The particles 10 are supported by the protrusion 20p around the holes 20h. For example, the first particle 11 is supported by the first protrusion region 21 and the second protrusion region 22. One of the multiple holes 20h is positioned between the first protrusion region 21 and the second protrusion region 22.

An example of experimental results in the case where the holes 20h are provided in the base body 20 will now be described.

FIG. 10A to FIG. 10D are schematic views showing the experiment relating to the structure body.

FIG. 10A is a perspective view illustrating the base body 20 used in the experiment. FIG. 10B to FIG. 10D are electron micrographs showing the experimental results.

As shown in FIG. 10A, the multiple holes 20h are provided in the base body 20. The base body 20 includes the substrate 20s and the structure member 20b. The holes 20h pierce the structure member 20b. The substrate 20s is a silicon substrate. The structure member 20b includes a carbon film, and a silicon film provided on the carbon film. A film of the second polymer 20PL is provided on such a substrate 20s and such a structure member 20b. The solution film 18 that includes the multiple particles 10 is formed on the film of the second polymer 20PL. The material of the liquid 10L and the concentration of the multiple particles 10 are similar to those described in reference to FIG. 3A to FIG. 3D.

In the experiment as well, the core 10C of the particle 10 is silica. The first polymer 10PL is PMMA. In a fourth sample SP4, the second polymer 20PL is PS. In a fifth sample SP5, the second polymer 20PL is not provided. In a sixth sample SP6, the second polymer 20PL is PMMA.

As shown in FIG. 10B, a good arrangement of the multiple particles 10 is obtained in the fourth sample SP4.

As shown in FIG. 10C and FIG. 10D, the orderliness of the multiple particles 10 is poor in the fifth sample SP5 and the sixth sample SP6.

Thus, even in the case where the holes 20h are provided in the base body 20, good orderliness is obtained by setting the first polymer 10PL and the second polymer 20PL to be different from each other. The precision of the pitch of the multiple particles 10 increases.

In the structure body 115 as well, the multiple particles 10 can be arranged to be separated from each other. Good orderliness of the multiple particles 10 is obtained. According to the embodiment, for example, the arrangement directions of the multiple particles are controlled in the state in which the multiple particles are separated from each other.

Second Embodiment

The embodiment relates to a pattern formation method. A portion of the pattern formation method corresponds to the method for manufacturing the structure body.

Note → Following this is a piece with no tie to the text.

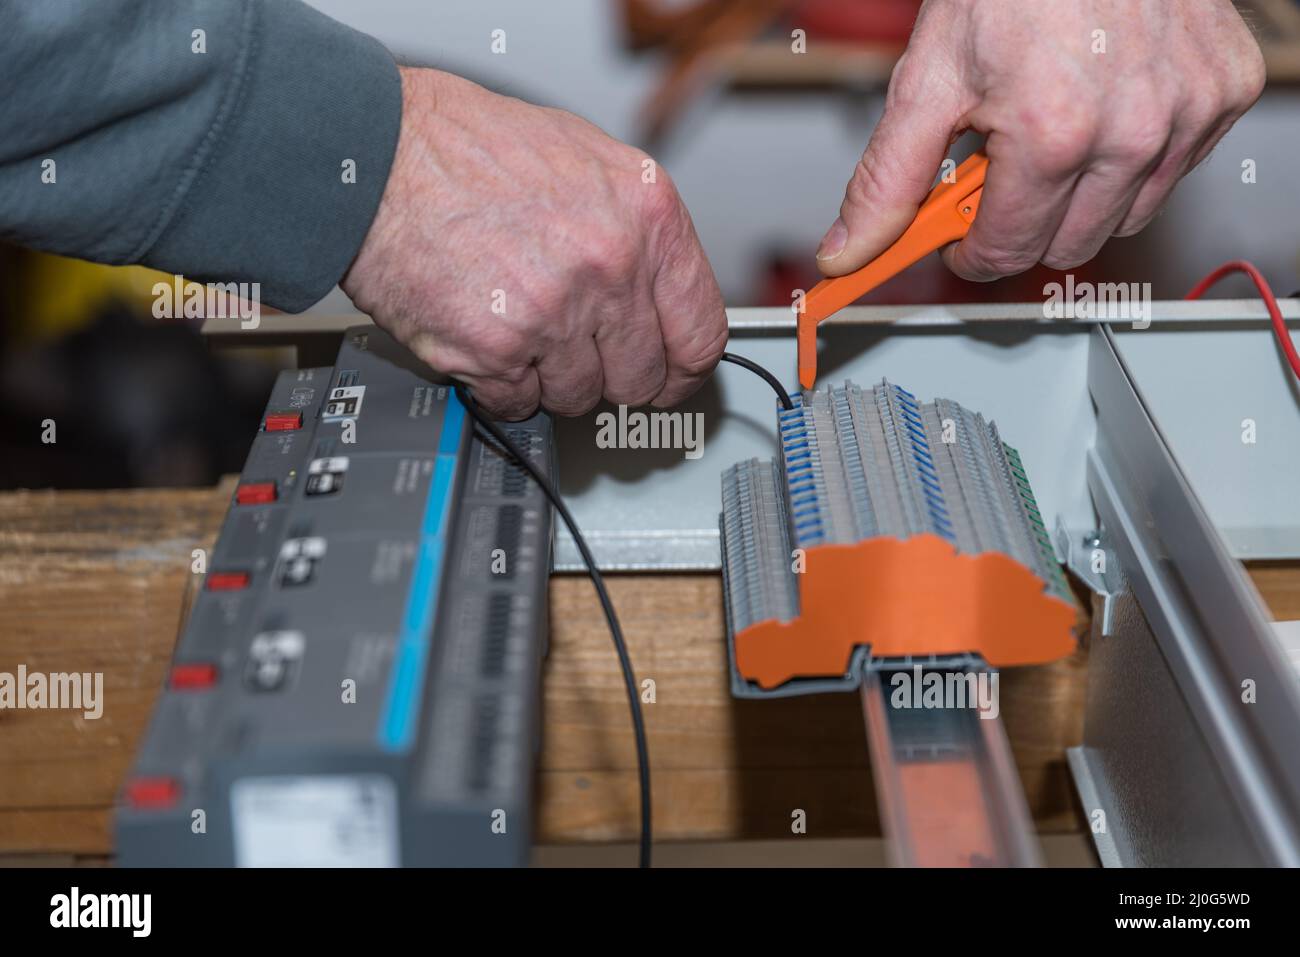 https://c8.alamy.com/comp/2J0G5WD/electrician-works-with-the-bus-system-close-up-craftsman-2J0G5WD.jpg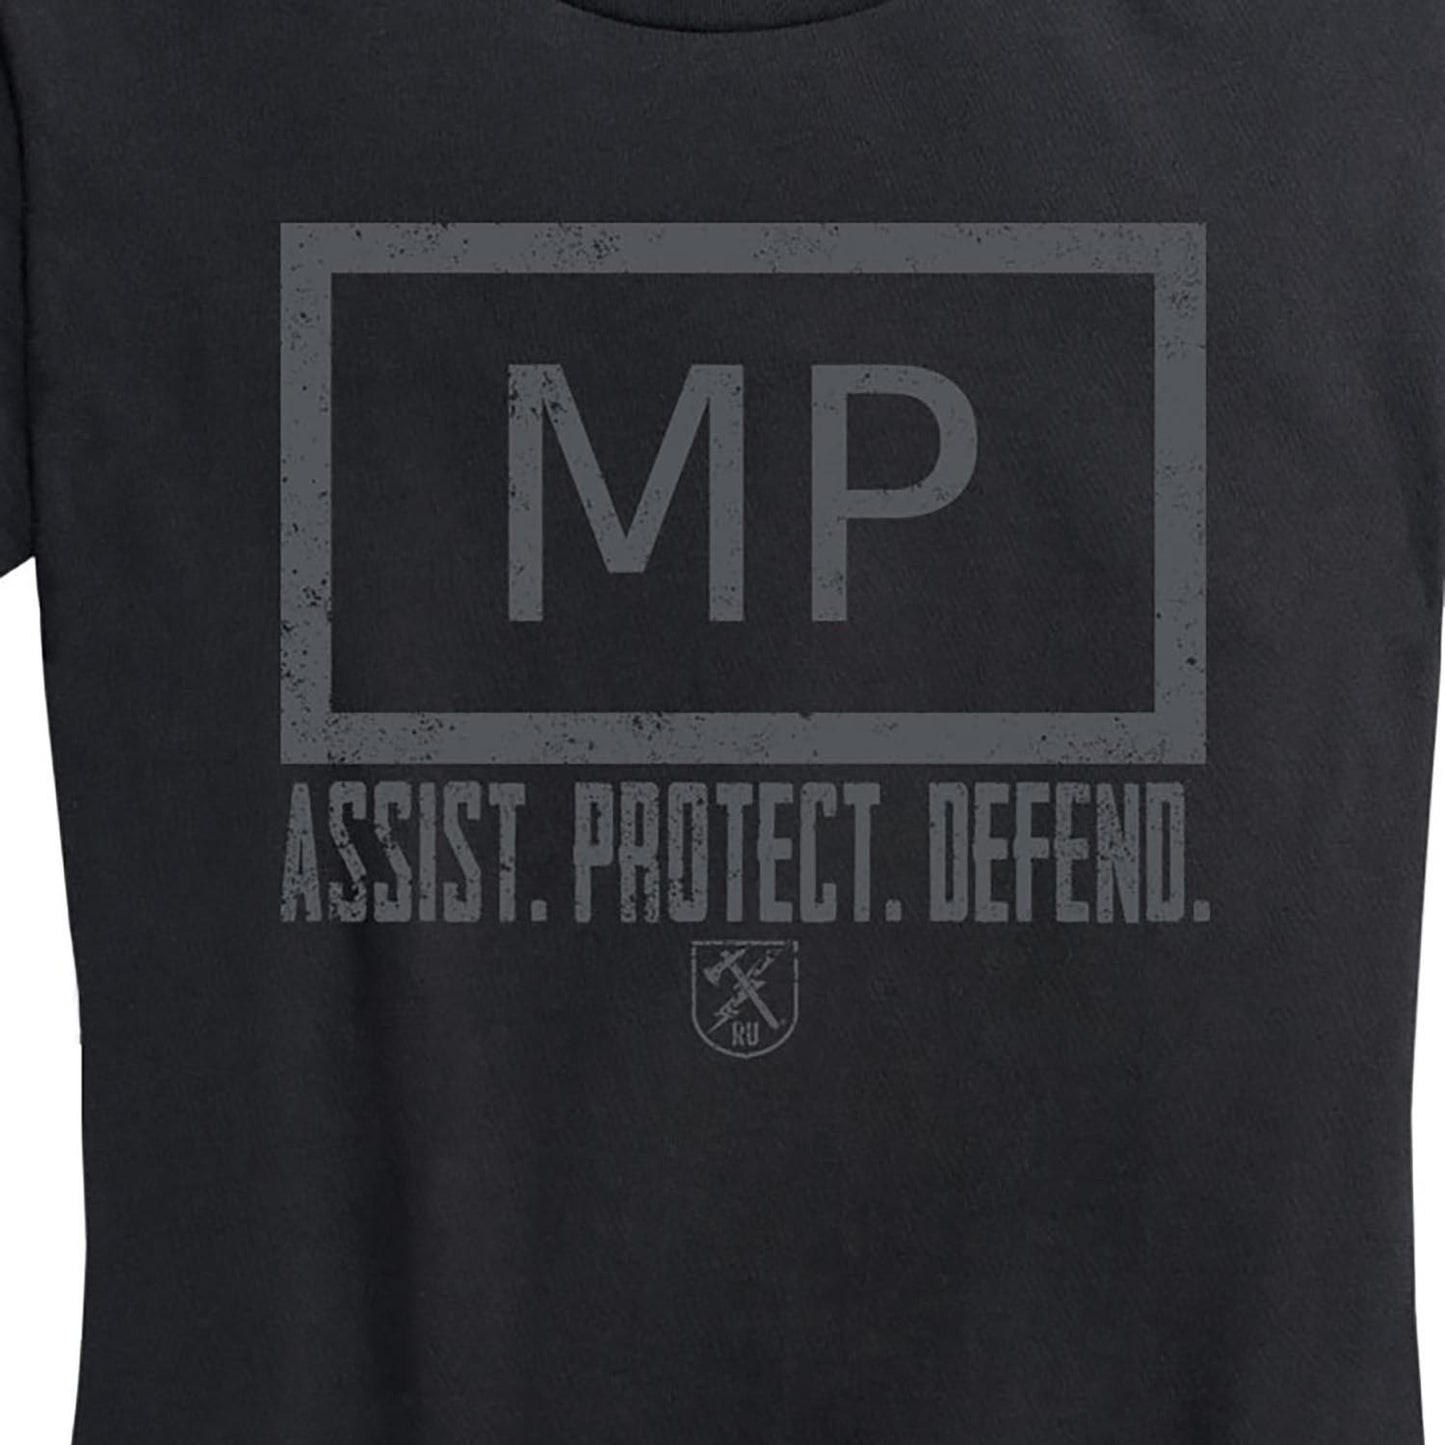 Women's Military Police "Assist, Protect, Defend" Tee

FIG. 11 is a flowchart illustrating the pattern formation method according to the second embodiment.

As shown in FIG. 11, the pattern formation method includes the solution film formation process (step S110) and the liquid removal process (step S120). The pattern formation method may further include step S130 to step S150 described below.

In the solution film formation process, the solution film 18 that includes the liquid 10L and the multiple particles 10 is formed on the surface 20f of the base body 20 (referring to FIG. 2A). The surface 20f of the base body 20 includes the protrusion 20p and the recess 20d. Each of the multiple particles 10 includes the first polymer 10PL provided at the outer surface of the particle 10. The base body 20 includes the second polymer 20PL that is different from the first polymer 10PL and is provided at the surface 20f. As described above, for example, the solution film formation process includes coating the solution including the liquid 10L and the multiple particles 10 on the surface 20f.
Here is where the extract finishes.